[C]ompassion is out of fashion — indeed, lack of compassion has become a matter of principle, at least among the G.O.P.’s base.
And what this means is that modern conservatism is actually a deeply radical movement, one that is hostile to the kind of society we’ve had for the past three generations — that is, a society that, acting through the government, tries to mitigate some of the "common hazards of life" through such programs as Social Security, unemployment insurance, Medicare and Medicaid.
Quite true. Why, then, do modern commentators persist in referring to modern conservatism as "conservatism"? While Krugman's statement is perversely unimpeachable -- "modern conservatism is actually a deeply radical movement" -- it also contains a colossally unconcealed contradiction, which is way overdue for journalistic retirement.
To posit that "conservatism" is a "deeply radical movement" is to untether oneself from intelligible language and customary comprehension. By definition, conservatism is anything but deeply radical. Indeed, authentic modern conservatism arose from Edmund Burke's revulsion of the French Revolution's butchery of political order (such as it was), cultural tradition, social institutions, and human life; that is, modern conservatism arose in reaction to modern radicalism.
Nonetheless most commentators feed conservatives' deliberate and cunning fiction: the latter are in no way, no shape, no form the intellectual legacy of true Burkeanism, yet the former happily and daily trundle them off -- as conservatives -- to glistening guillotines of trenchant denunciation. Which of course only delights the "conservative" pols, since most American voters regard their own political sensibilities as either conservative (in the original sense of the word) or leaning that way. These voters naturally if somewhat thoughtlessly identify with politicians who self-label as "conservative" (a label repeatedly confirmed by no less than the Fourth Estate); as well, these voters then interpret the commentariat's assaults on "conservative" pols and "conservatism" itself as liberally biased assaults on their own politico-philosophical identification.

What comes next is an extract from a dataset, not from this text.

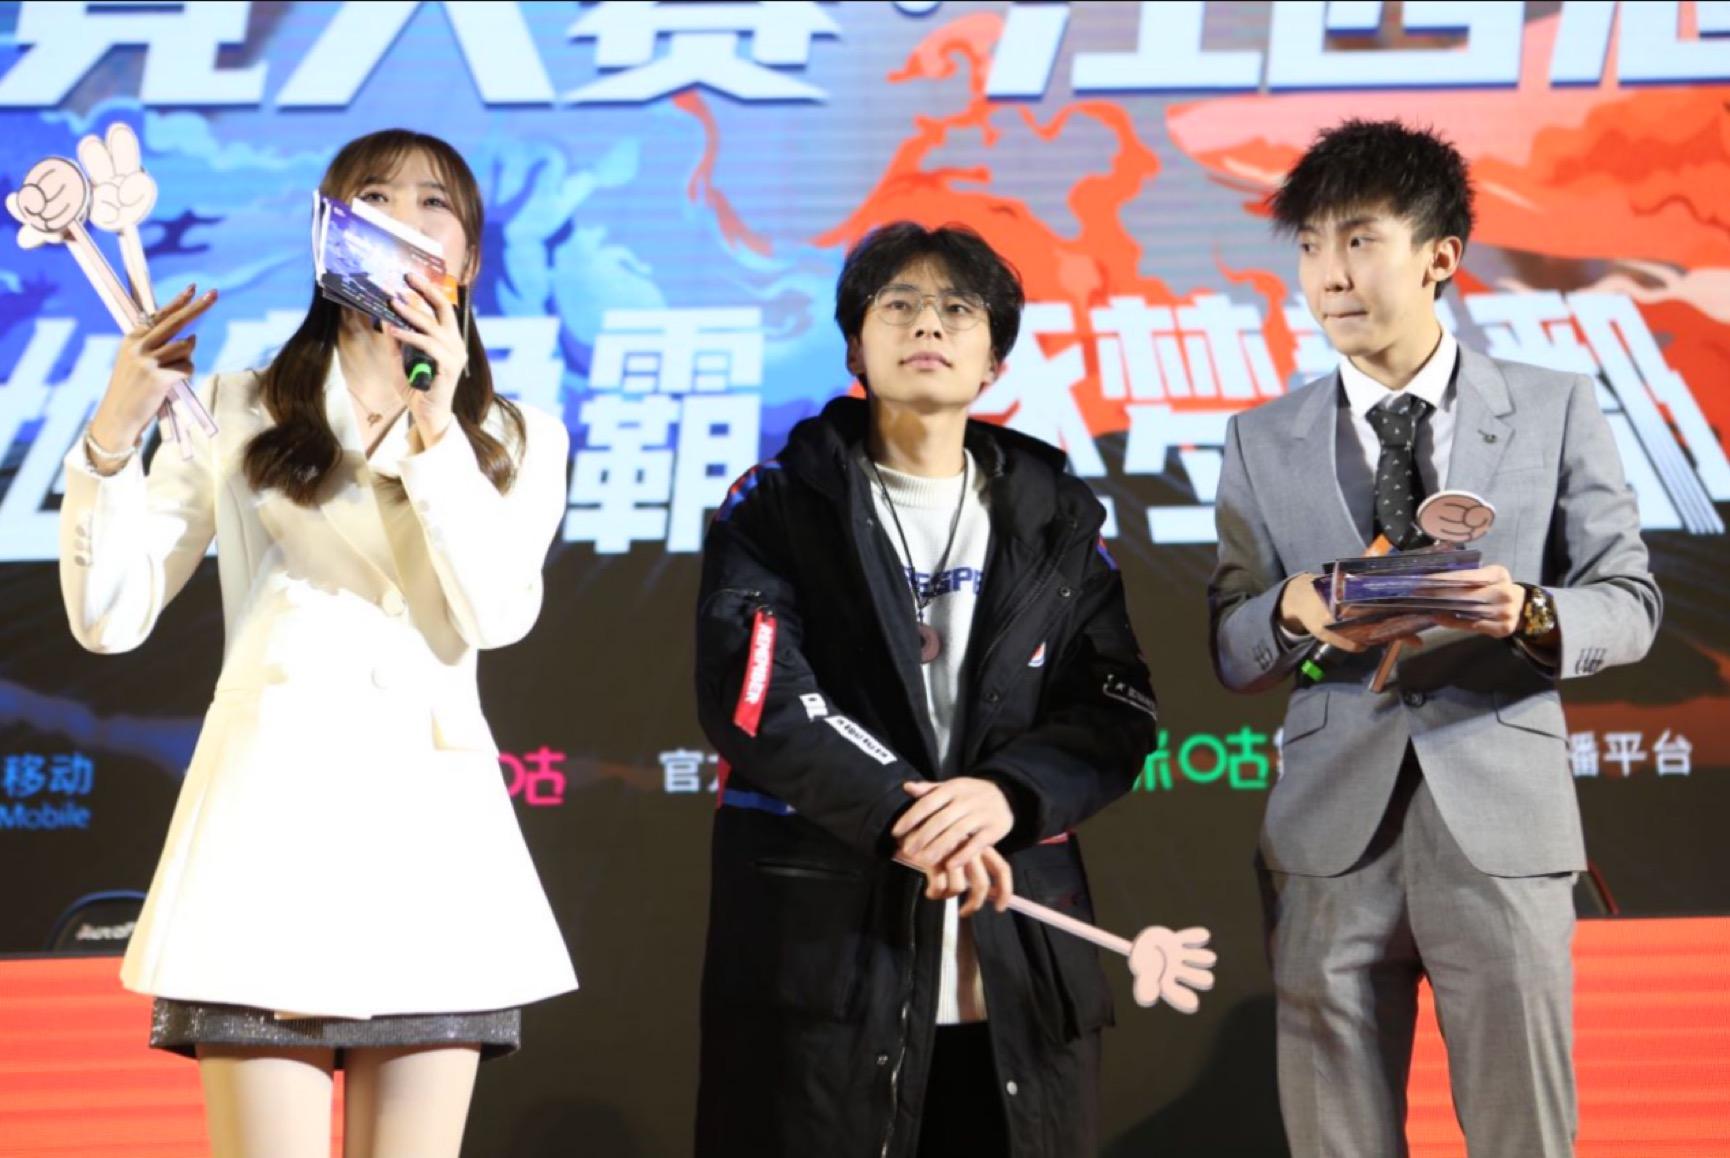 冠军揭晓!动感地带5G电竞大赛江西总决赛圆满收官

So, to Mr. Krugman et al, please cease perpetuating the contradiction. Stop calling conservative pols what they are not: conservative. They are pseudoconservatives, they are reactionaries, they are radicals, and in some instances they are merely lunatics. But they are not conservative.
If authentic conservatives be left, they would be today's liberals, who struggle to conserve America's sociopolitical traditions.